DATASET RECORDS =
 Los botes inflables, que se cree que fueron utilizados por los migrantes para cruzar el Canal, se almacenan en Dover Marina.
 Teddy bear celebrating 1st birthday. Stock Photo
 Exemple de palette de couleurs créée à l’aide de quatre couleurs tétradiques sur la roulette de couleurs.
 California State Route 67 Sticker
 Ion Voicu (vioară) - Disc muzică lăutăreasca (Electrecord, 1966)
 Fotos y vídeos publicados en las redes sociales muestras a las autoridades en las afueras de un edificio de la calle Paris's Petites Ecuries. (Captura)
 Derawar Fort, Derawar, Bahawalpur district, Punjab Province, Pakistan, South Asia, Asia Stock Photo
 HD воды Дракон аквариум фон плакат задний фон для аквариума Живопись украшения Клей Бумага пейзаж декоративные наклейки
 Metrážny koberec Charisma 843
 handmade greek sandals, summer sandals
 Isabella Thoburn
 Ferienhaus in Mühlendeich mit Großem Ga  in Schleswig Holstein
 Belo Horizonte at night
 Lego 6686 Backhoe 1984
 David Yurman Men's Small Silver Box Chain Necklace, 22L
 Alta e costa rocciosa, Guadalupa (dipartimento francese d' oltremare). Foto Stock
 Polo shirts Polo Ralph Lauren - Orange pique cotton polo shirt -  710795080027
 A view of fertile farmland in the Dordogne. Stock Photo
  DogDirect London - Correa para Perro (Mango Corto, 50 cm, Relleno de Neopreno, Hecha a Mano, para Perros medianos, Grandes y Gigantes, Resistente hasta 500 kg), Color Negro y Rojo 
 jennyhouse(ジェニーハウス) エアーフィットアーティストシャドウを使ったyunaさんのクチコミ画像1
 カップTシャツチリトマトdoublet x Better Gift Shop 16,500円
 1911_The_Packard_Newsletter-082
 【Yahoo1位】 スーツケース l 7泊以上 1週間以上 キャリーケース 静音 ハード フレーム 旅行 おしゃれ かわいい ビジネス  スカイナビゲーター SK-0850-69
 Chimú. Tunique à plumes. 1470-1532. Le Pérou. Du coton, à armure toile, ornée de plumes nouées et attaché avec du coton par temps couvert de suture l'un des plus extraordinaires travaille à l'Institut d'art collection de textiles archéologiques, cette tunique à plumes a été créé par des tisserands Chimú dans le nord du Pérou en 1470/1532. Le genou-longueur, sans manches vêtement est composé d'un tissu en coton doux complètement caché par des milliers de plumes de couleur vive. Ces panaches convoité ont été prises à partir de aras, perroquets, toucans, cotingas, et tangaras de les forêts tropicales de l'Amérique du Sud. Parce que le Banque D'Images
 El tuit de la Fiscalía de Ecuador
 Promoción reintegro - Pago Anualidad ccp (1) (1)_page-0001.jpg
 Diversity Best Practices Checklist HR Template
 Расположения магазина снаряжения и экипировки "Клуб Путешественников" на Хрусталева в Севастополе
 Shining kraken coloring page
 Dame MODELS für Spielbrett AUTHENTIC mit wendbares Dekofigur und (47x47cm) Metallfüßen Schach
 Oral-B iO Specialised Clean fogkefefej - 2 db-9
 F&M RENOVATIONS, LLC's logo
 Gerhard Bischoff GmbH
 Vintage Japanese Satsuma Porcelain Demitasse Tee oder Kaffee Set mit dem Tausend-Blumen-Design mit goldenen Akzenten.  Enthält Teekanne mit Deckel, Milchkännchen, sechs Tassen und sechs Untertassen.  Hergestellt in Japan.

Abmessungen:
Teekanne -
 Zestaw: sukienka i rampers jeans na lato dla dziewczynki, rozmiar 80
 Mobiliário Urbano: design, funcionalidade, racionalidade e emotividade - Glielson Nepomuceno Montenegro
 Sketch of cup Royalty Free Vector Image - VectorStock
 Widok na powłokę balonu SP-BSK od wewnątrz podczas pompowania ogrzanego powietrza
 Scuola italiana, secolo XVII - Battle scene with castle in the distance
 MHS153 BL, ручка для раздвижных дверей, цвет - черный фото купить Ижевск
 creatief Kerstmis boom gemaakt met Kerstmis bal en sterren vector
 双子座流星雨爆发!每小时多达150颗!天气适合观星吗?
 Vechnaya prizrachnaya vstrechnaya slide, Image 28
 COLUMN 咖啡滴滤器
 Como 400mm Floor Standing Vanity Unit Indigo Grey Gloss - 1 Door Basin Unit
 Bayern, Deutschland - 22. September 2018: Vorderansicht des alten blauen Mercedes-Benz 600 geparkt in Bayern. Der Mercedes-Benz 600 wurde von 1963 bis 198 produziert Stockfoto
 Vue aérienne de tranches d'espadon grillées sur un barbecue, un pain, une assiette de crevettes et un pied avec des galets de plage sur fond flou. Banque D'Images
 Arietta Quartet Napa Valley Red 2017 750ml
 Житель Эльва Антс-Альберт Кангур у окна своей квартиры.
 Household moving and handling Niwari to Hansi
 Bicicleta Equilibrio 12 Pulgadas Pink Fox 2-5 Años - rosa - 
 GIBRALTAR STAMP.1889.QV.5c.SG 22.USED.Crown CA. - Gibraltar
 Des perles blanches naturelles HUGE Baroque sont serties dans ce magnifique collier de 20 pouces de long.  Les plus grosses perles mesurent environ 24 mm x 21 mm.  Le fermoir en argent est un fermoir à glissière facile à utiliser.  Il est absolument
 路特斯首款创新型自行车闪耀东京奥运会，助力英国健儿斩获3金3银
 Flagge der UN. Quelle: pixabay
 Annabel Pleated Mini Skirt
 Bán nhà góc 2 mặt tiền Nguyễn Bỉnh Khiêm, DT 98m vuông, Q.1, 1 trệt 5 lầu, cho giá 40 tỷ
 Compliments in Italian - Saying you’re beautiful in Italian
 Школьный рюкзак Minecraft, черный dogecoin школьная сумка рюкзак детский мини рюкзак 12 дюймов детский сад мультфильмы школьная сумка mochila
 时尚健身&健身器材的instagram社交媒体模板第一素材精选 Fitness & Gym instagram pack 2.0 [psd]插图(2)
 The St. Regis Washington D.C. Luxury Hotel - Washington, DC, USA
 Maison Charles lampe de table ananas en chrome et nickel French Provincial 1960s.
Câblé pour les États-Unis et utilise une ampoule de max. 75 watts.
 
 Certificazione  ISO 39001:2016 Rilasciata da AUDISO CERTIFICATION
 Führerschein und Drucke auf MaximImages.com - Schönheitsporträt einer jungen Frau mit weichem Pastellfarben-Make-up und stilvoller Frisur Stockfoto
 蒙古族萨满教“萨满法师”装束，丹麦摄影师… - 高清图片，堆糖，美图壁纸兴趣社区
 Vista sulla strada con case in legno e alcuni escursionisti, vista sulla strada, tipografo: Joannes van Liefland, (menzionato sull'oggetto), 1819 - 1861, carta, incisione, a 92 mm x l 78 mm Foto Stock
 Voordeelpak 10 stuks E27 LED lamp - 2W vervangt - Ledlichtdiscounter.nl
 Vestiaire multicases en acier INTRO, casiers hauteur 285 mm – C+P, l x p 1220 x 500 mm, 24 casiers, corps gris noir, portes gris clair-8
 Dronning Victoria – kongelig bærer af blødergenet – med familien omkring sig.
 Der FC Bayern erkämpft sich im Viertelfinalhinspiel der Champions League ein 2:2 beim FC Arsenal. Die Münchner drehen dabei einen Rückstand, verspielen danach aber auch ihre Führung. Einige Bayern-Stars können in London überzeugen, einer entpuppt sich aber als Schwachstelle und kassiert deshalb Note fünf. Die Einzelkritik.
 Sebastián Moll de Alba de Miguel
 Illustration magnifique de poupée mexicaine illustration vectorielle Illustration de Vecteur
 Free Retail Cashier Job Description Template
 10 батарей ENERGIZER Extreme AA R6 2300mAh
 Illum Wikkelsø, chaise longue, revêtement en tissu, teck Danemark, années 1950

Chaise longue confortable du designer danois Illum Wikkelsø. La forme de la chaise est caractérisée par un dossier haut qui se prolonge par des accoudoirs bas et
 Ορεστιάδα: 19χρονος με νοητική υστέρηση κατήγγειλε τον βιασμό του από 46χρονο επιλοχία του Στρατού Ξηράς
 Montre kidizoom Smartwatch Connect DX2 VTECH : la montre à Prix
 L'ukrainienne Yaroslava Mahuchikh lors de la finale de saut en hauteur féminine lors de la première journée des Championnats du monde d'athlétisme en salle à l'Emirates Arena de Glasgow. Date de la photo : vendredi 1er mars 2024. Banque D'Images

THE PROBLEM = Tell how many lines of the records above contain "magnifique", replying with the number only.

EXERCISE ANSWER = 2